May takes trade-touting tour to Nigeria

British Prime Minister Theresa May says she wants to leave the European single market in order to be able to control immigration.
The tour, which will also take her to Kenya, is part of a campaign to promote Britain's global ambitions after Brexit. (AFP)

Britain’s Theresa May landed in Nigeria’s capital on Wednesday on the second leg of her maiden Africa tour aimed at drumming up post-Brexit trade deals outside the European Union.

The prime minister had kicked off her three-nation visit in Cape Town on Tuesday where she pledged to prioritise investment in Africa — although it was her diffident dance moves rather than her diplomacy that captured the headlines.

The tour, which will also take her to Kenya, is part of a campaign to promote Britain’s global ambitions after Brexit.

With just seven months until Britain formally leaves the EU, May is under pressure back home from those sceptical of her ability to forge post-Brexit trade deals, with British officials eyeing a doubling of trade with Nigeria over the next decade or so.

“Bilateral trade between Britain and Nigeria was up to £4.2-billion [$5.42-billion, 4.64-billion euros], in 2017 and we expect to more than double this figure by 2030,” Laure Beaufils, Britain’s deputy high commissioner to Nigeria, told a press conference ahead of May’s arrival in Abuja.

China is currently Nigeria’s biggest trading partner with Abuja importing some $7-billion in goods from Beijing.

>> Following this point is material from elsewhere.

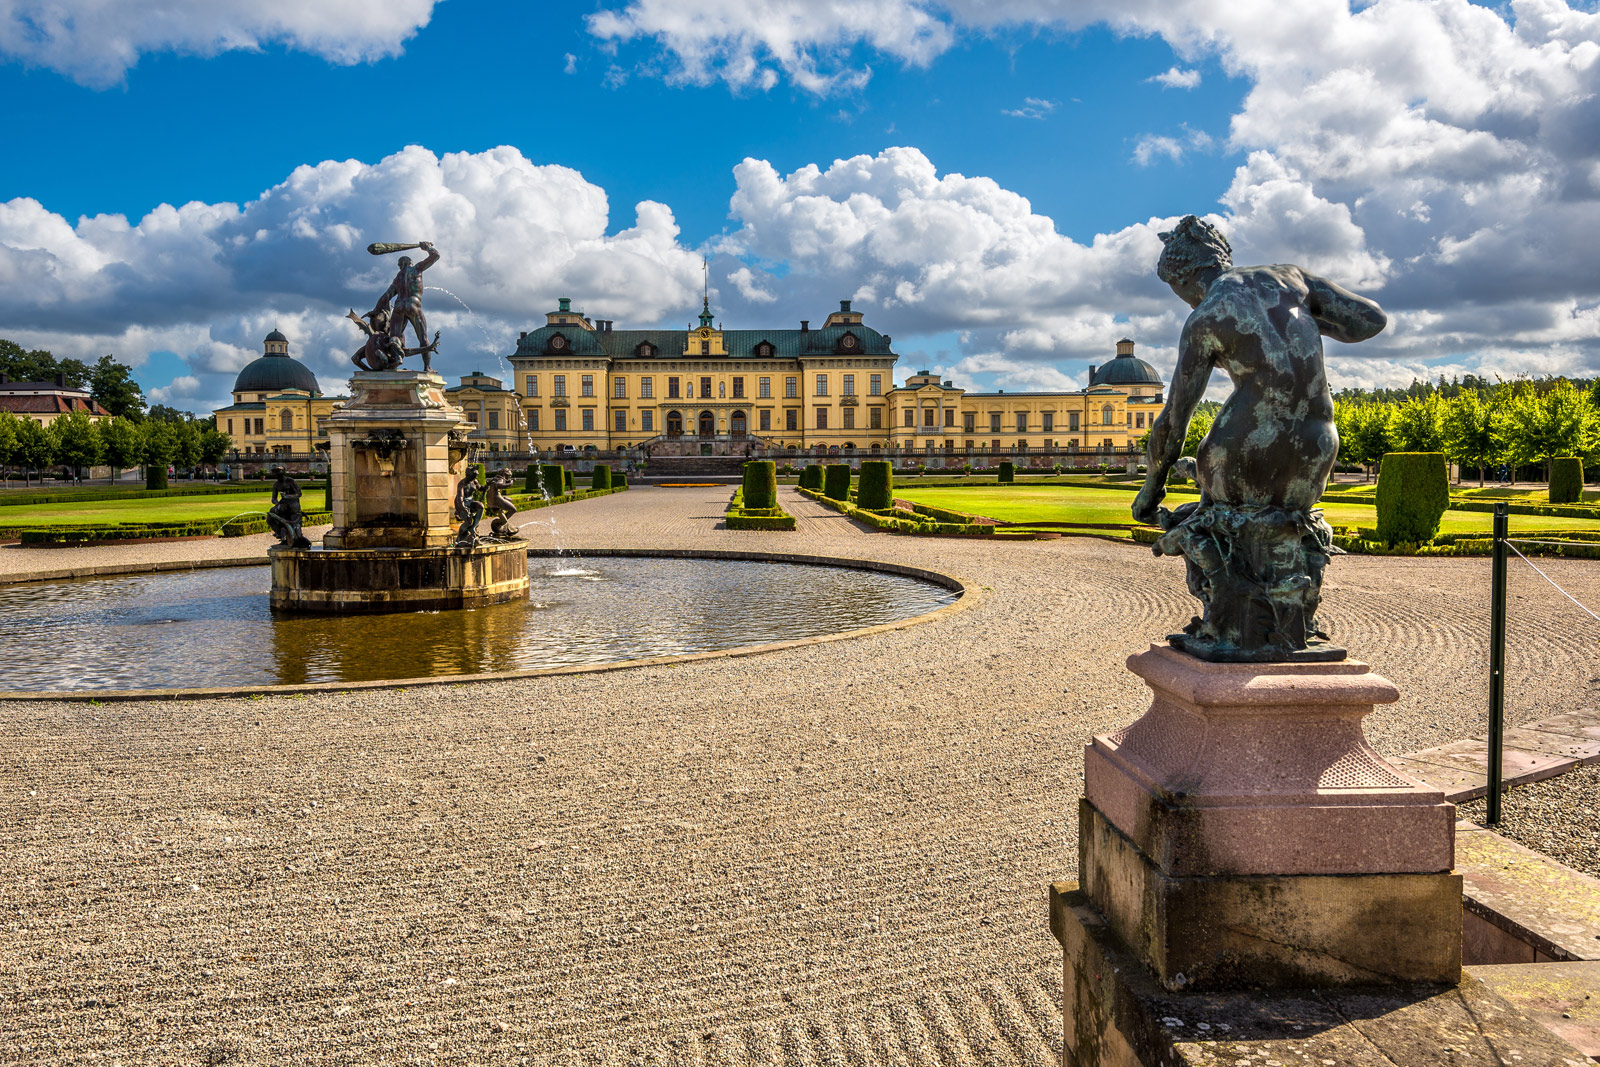 Visiter le Château de Drottningholm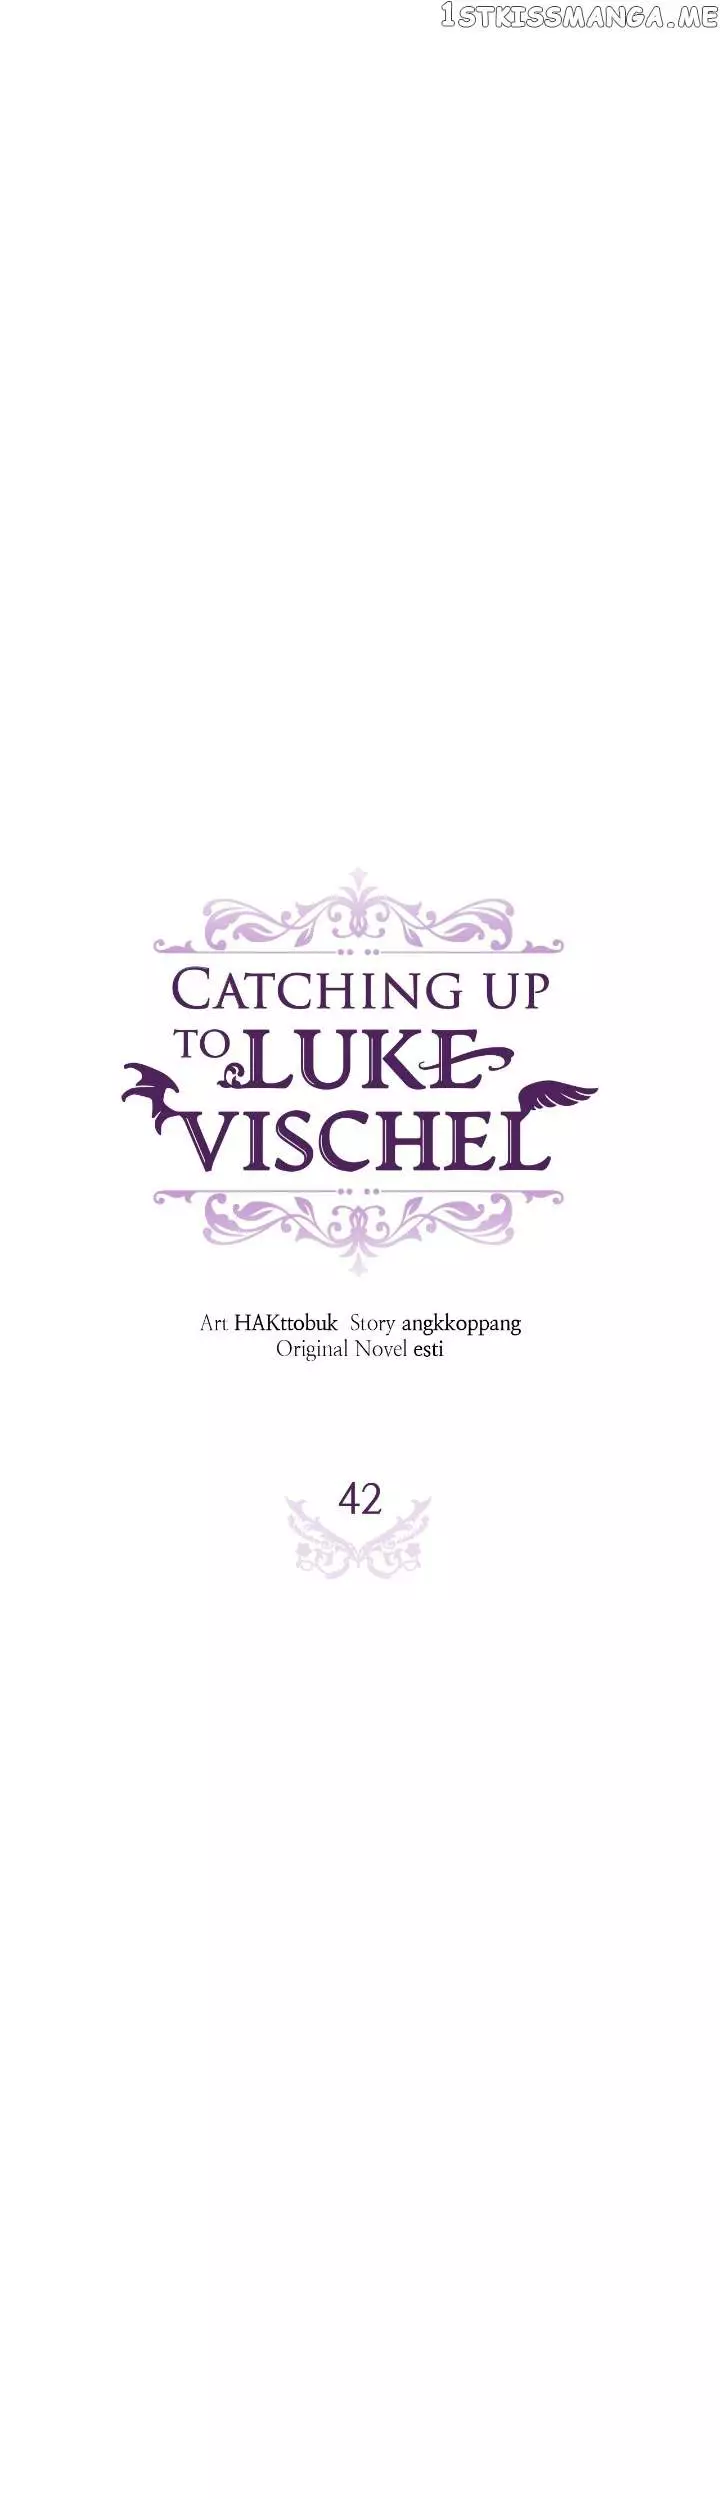 Catching Up With Luke Bischel - 42 page 13-5cdb5154

May will hold talks with President Muhammadu Buhari before heading to Lagos, Nigeria’s economic capital, where she will hold talks on efforts to stem the migrant flow to Europe and meet victims of modern slavery.

As Africa’s most populous country, Nigeria is the main country from which migrants leave for Europe, with 37,500 Nigerian nationals reaching the Italian coast in 2016 and 18,000 more in 2017, according to International Organisation for Migration (IOM) figures.

In December, the IOM said that more than 36 000 Nigerians were stranded in Libya and Niger. Nigeria’s immigration agency estimates that 10 000 of its citizens died while trying to cross the Sahara or the Mediterranean between January and May 2017.

The British premier will then head on to Kenya for the last leg of her three-day trip.